● ACTION ITEM
Set down the full listing exactly as given. Any pictures are to be left out.

● DATA

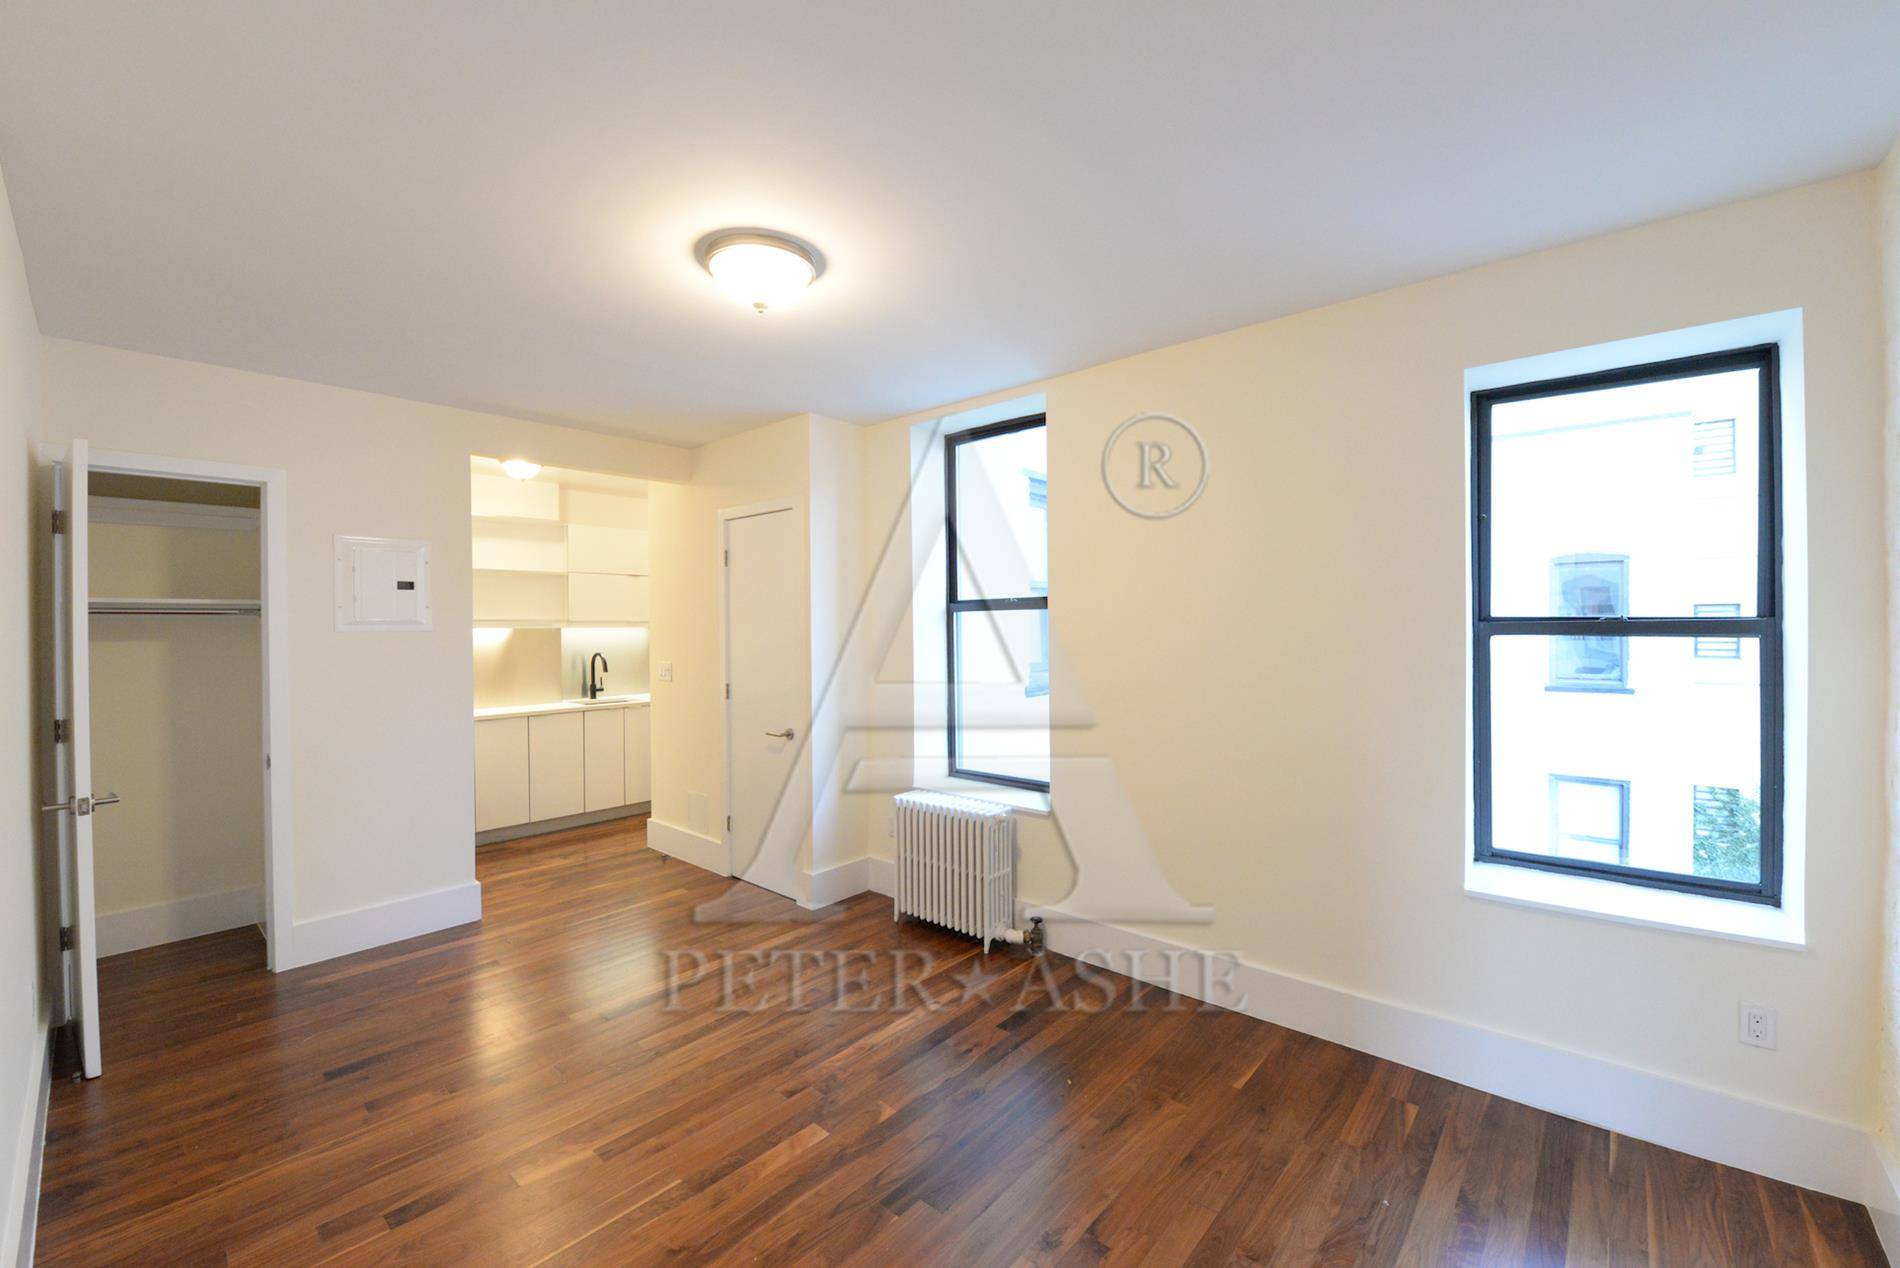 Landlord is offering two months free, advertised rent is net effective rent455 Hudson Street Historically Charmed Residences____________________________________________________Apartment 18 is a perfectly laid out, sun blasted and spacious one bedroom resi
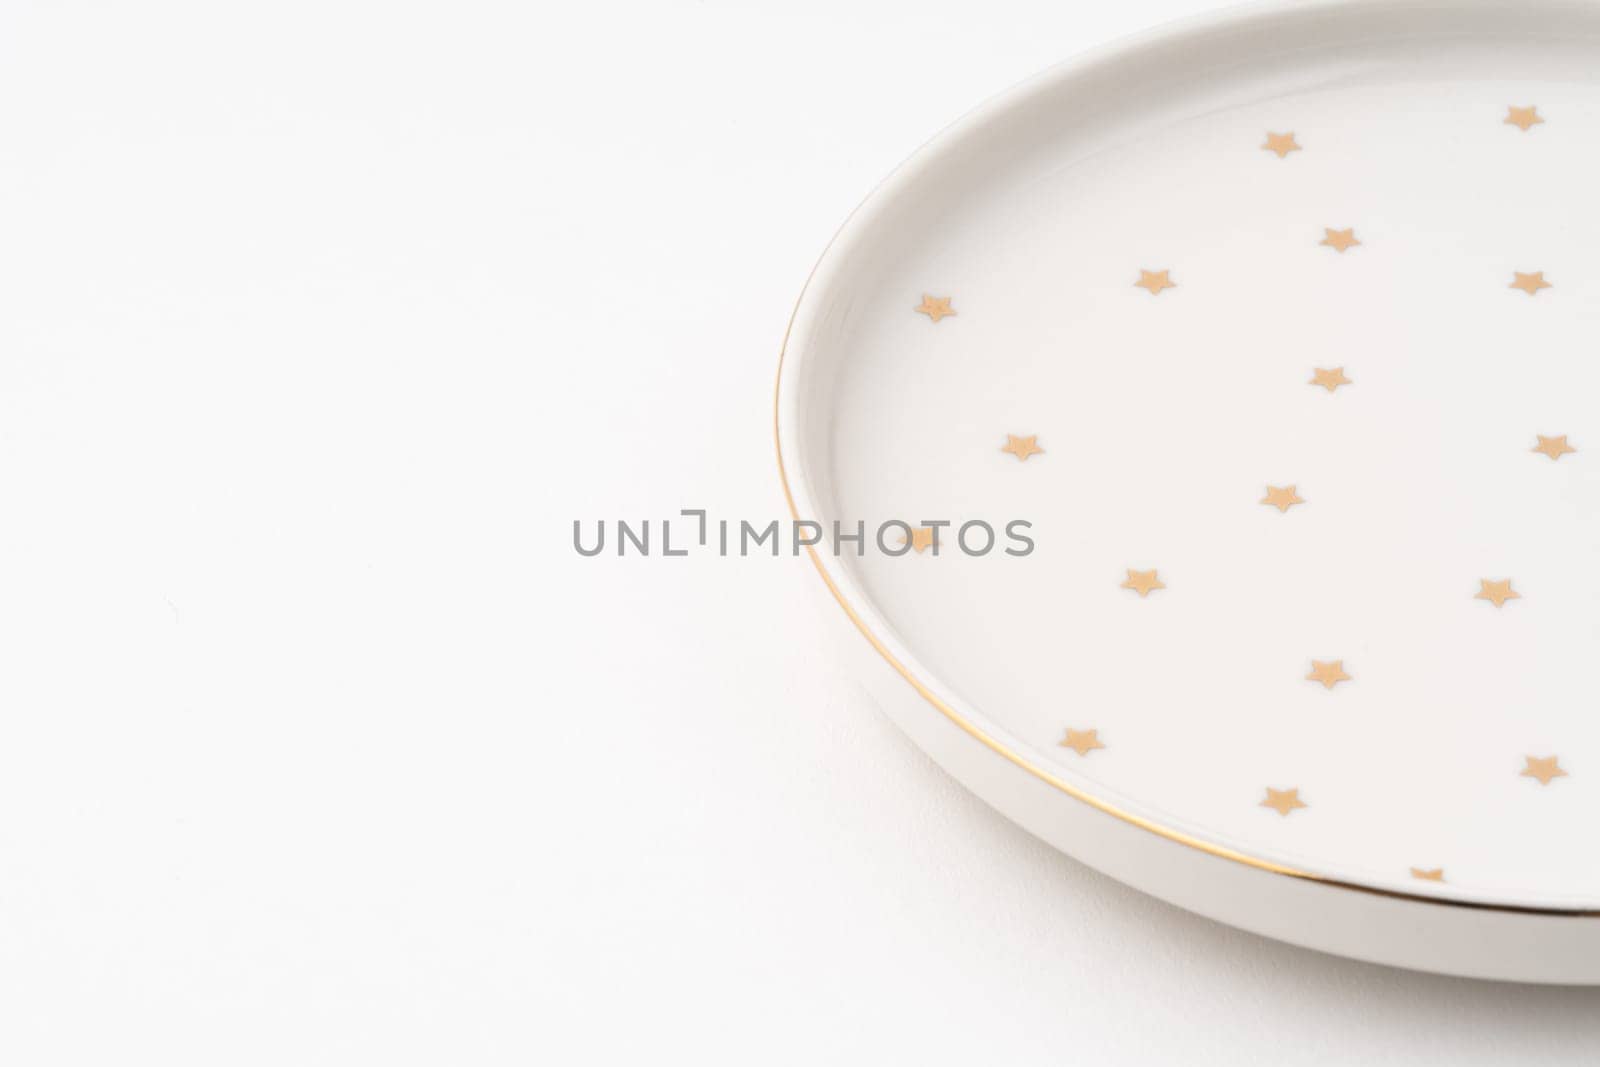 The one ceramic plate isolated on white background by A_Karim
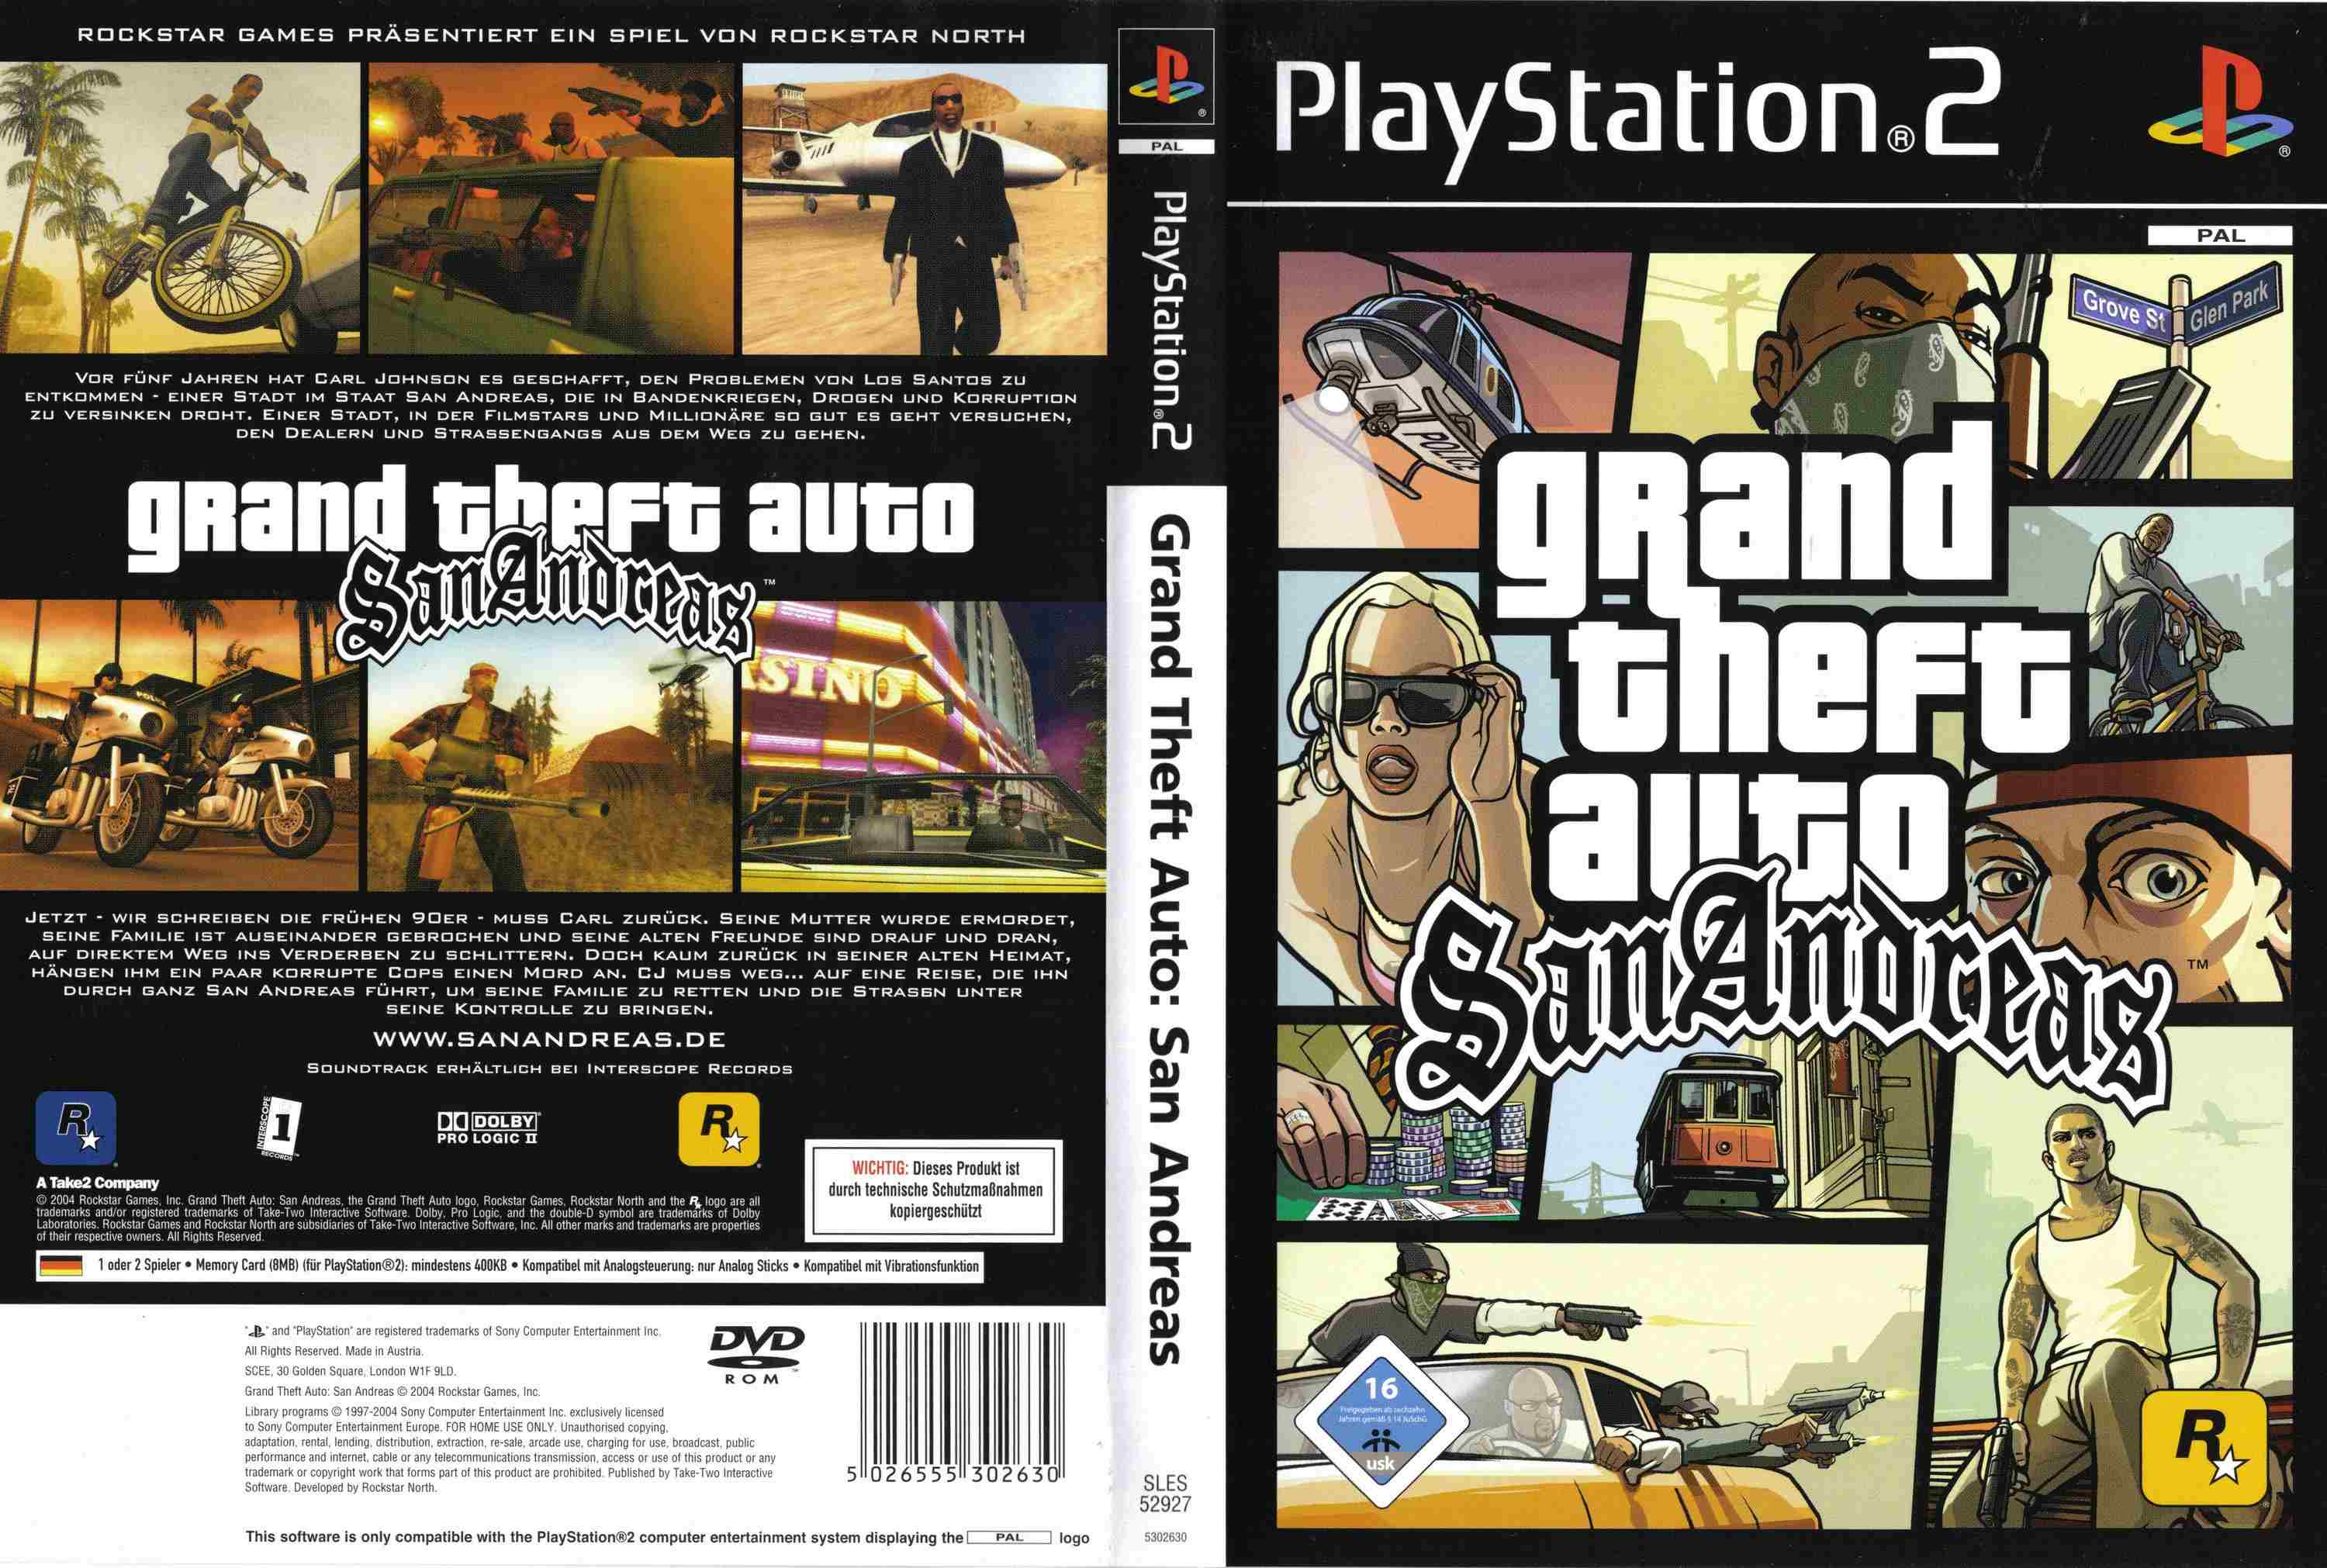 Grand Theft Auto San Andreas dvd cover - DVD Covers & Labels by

● EXPECTED OUTPUT
 Landlord is offering two months free, advertised rent is net effective rent455 Hudson Street Historically Charmed Residences____________________________________________________Apartment 18 is a perfectly laid out, sun blasted and spacious one bedroom resi
 The one ceramic plate isolated on white background by A_Karim
 Grand Theft Auto San Andreas dvd cover - DVD Covers & Labels by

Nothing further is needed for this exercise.